How Do I Tell My Senior Parent It’s Time to Move into Assisted Living?

When it comes to talking to your senior parent about moving into assisted living, knowing what to say and how to start the conversation can be the most difficult part. Below are a few tips to help you start your talk with mom or dad in the best way possible.

1. Communication is Key

From the very moment assisted living enters your mind, be open about it. If possible, approach the subject of assisted living before your parent needs to make the move or is actively looking into it. Starting this kind of discussion early can help your mom or dad be more open to the idea later when the time is right for them to move. Having more time to plan means you will be able to research different assisted living communities and discuss hypothetical moves ahead of time. Often times, the subject of moving into assisted living is only discussed when a move becomes immediately necessary. Don’t stress if that’s the case for you and your family. Approach the subject as soon as possible no matter where you are in your planning process.

2. Help With Research and Planning

Get online, call different assisted living communities in your area, and ask questions. Helping your parent do research and learn about different options can take a huge weight off.
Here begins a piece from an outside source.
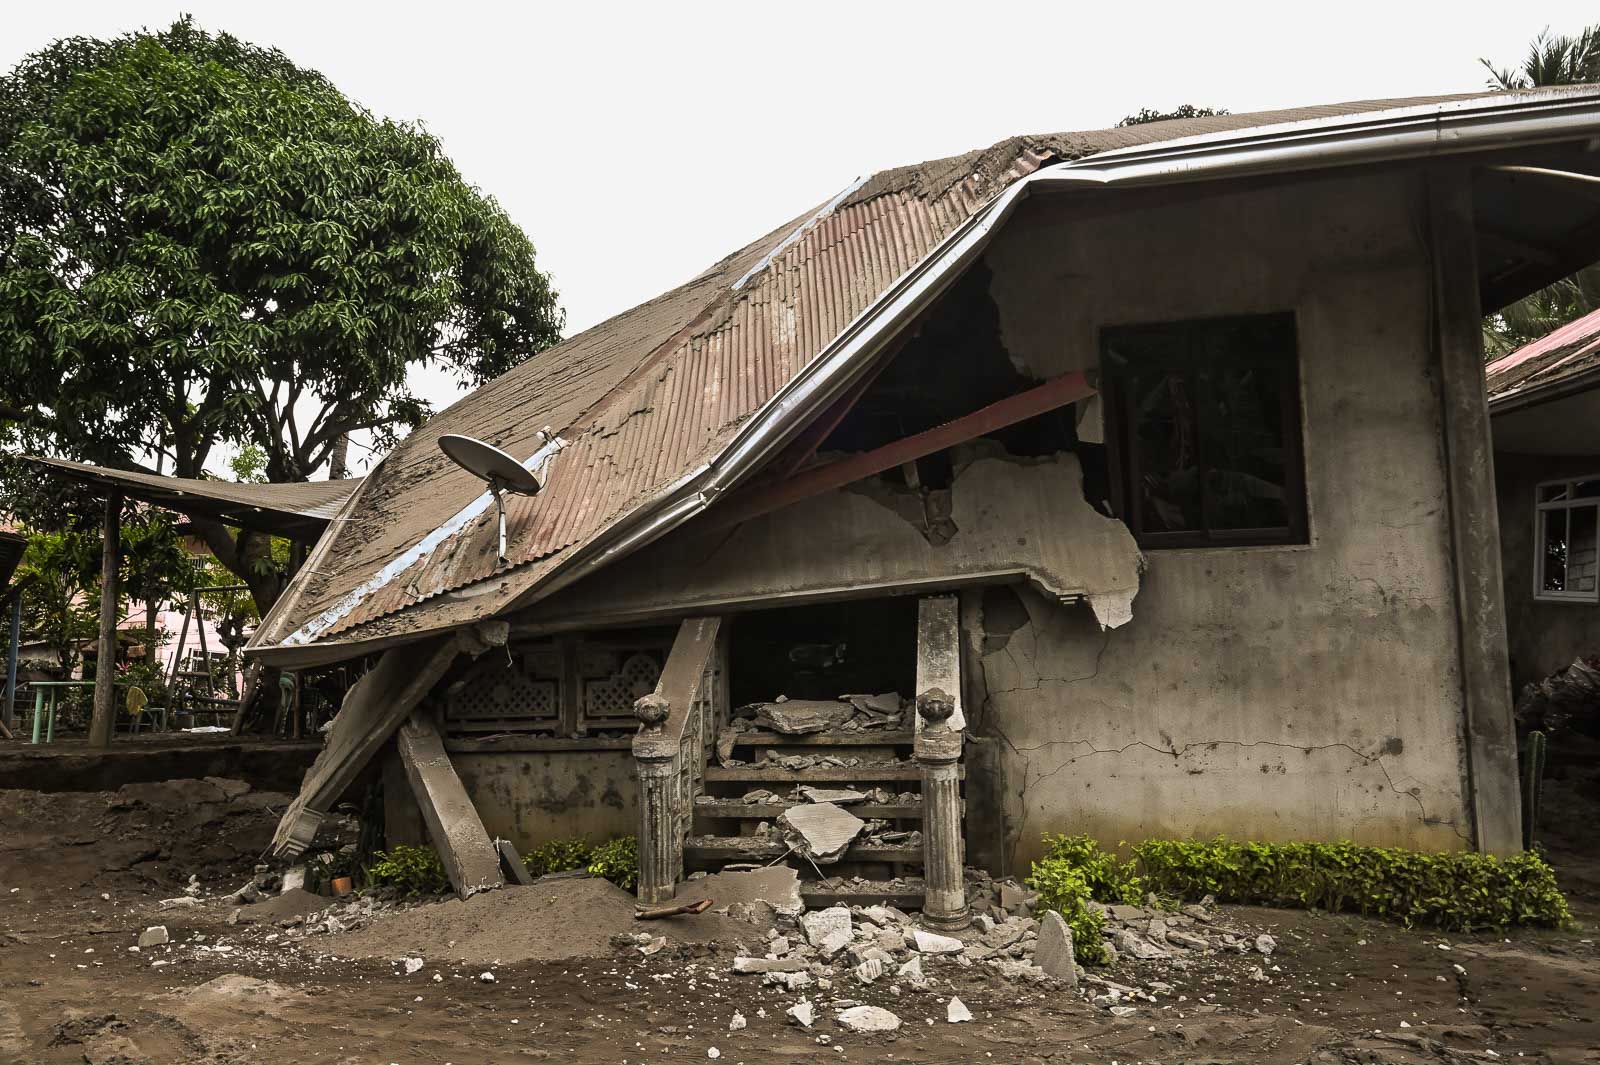 DAMAGED. Fissures cause major damage to roads, houses, and establishments in Barangay San Teodoro in Agoncillo, Batangas, on January 14, 2020. Photo by Alecs Ongcal/Rappler

Chances are, you’re going to have several questions yourself. So when you find an assisted living community that seems like it might be the right fit, call and schedule a visit. A tour of the assisted living community can give you both the chance to see the place and get used to the atmosphere and the people with whom they may soon be living near.

3. Don’t Rush the Conversation

While it’s important to be on top of things, this conversation is not going to be a short one. You are discussing a very big life change, so remember to choose your words carefully and be gentle with responses. If mom or dad seems sad or distant during this time, remember that it is natural and expected that they might grieve the loss of an old part of their life. Tell them it’s ok to feel sadness about the change, but it’s also ok to feel excitement as well. If your senior parent doesn’t want to talk about the subject at first, back off for a little while and give them a chance to think things over and then approach it again at a time that feels better.